Our design is now flexible enough to let us add a RewardsCard - no force-fitting and no conditional checks. We just add the new class and it works as expected.

class RewardsCard implements IPaymentInstrument {
  String name;
  String cardNumber;

  @Override
  void validate() throws PaymentInstrumentInvalidException {
    // Rewards card related validations
  }

  @Override
  PaymentResponse collectPayment() throws PaymentFailedException {
    PaymentResponse response = new PaymentResponse();
    // Steps related to rewards card payment like getting current 
    // rewards balance, updating balance etc.
    response.setIdentifier(cardNumber);
    return response;
  }
}

And here’s client code using the new card:

RewardsCard card = new RewardsCard(name, cardNum);
paymentProcessor.process(order, card);

Advantages of the New Design

The new design not only fixes the LSP violation but also gives us a loosely-coupled, flexible set of classes to handle changing requirements. For example, adding new payment instruments like Bitcoin and Cash on Delivery is easy - we just add new classes that implement IPaymentInstrument.

Business needs debit cards to be processed by a different payment gateway? No problem - we add a new class that implements IPaymentGatewayHandler and inject it into DebitCard. If DebitCard’s requirements begin to diverge a lot from CreditCard’s, we can have it implement IPaymentInstrument directly instead of extending BaseBankCard - no other class is impacted.

If we need an in-house fraud check for RewardsCard, we add an InhouseFraudChecker that implements IFraudChecker, inject it into RewardsCard and only change RewardsCard.collectPayment().

How to Identify LSP Violations?

Some good indicators to identify LSP violations are:

  1. Conditional logic (using the instanceof operator or object.getClass().getName() to identify the actual subclass) in client code
  2. Empty, do-nothing implementations of one or more methods in subclasses
  3. Throwing an UnsupportedOperationException or some other unexpected exception from a subclass method

For point 3 above, the exception needs to be unexpected from the superclass’s contract perspective. So, if our superclass method’s signature explicitly specified that subclasses or implementations could throw an UnsupportedOperationException, then we would not consider it as an LSP violation.
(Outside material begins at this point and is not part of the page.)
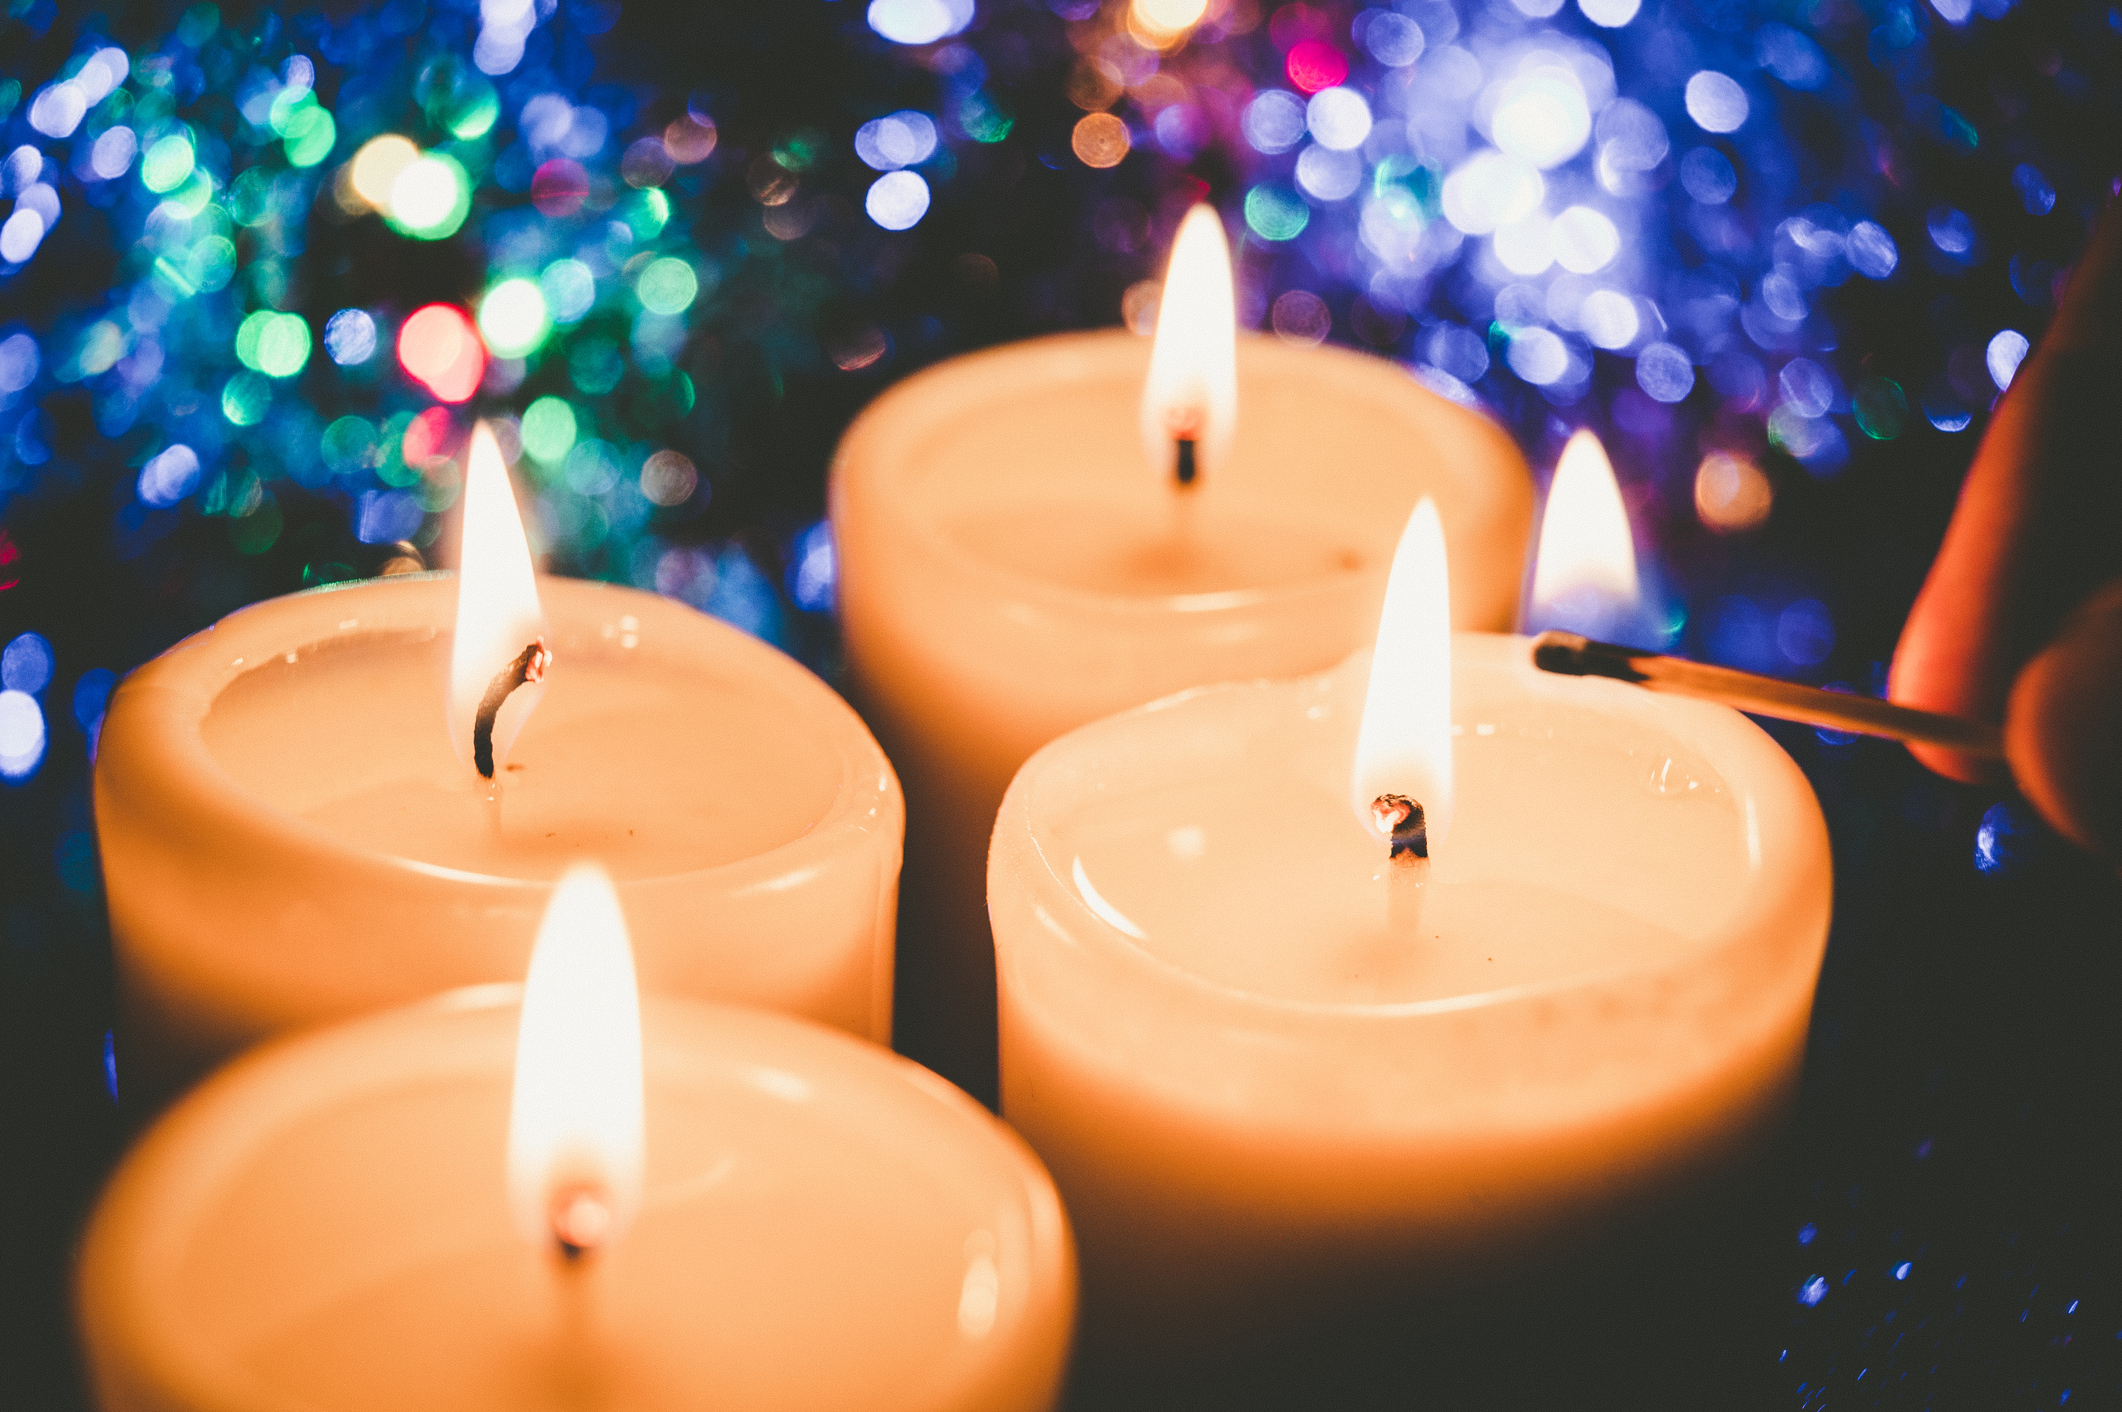 Postul Crăciunului 2020. Tradiții și superstiții. Ce nu trebuie să faci în post

Consider java.util.List<E> interface’s add(E e) method. Since java.util.Arrays.asList(T ...) returns an unmodifiable list, client code which adds an element to a List would break if it were passed a List returned by Arrays.asList.

Is this an LSP violation? No - the List.add(E e) method’s contract says implementations may throw an UnsupportedOperationException. Clients are expected to handle this when using the method.

Conclusion

The LSP is a very useful idea to keep in mind both when developing a new application and when enhancing or modifying an existing one.

When designing the class hierarchy for a new application, the LSP helps make sure that we are not prematurely generalizing concepts in our problem domain.

When enhancing an existing application by adding or changing a subclass, being mindful of the LSP helps ensure that our changes are in line with the superclass’s contract and that the client code’s expectations continue to be met.

You can play around with a complete application illustrating these ideas using the code on GitHub.

References

A keynote address in which Liskov first formulated the principle: Liskov, B. (May 1988). “Keynote address - data abstraction and hierarchy”. ACM SIGPLAN Notices. 23 (5): 17–34.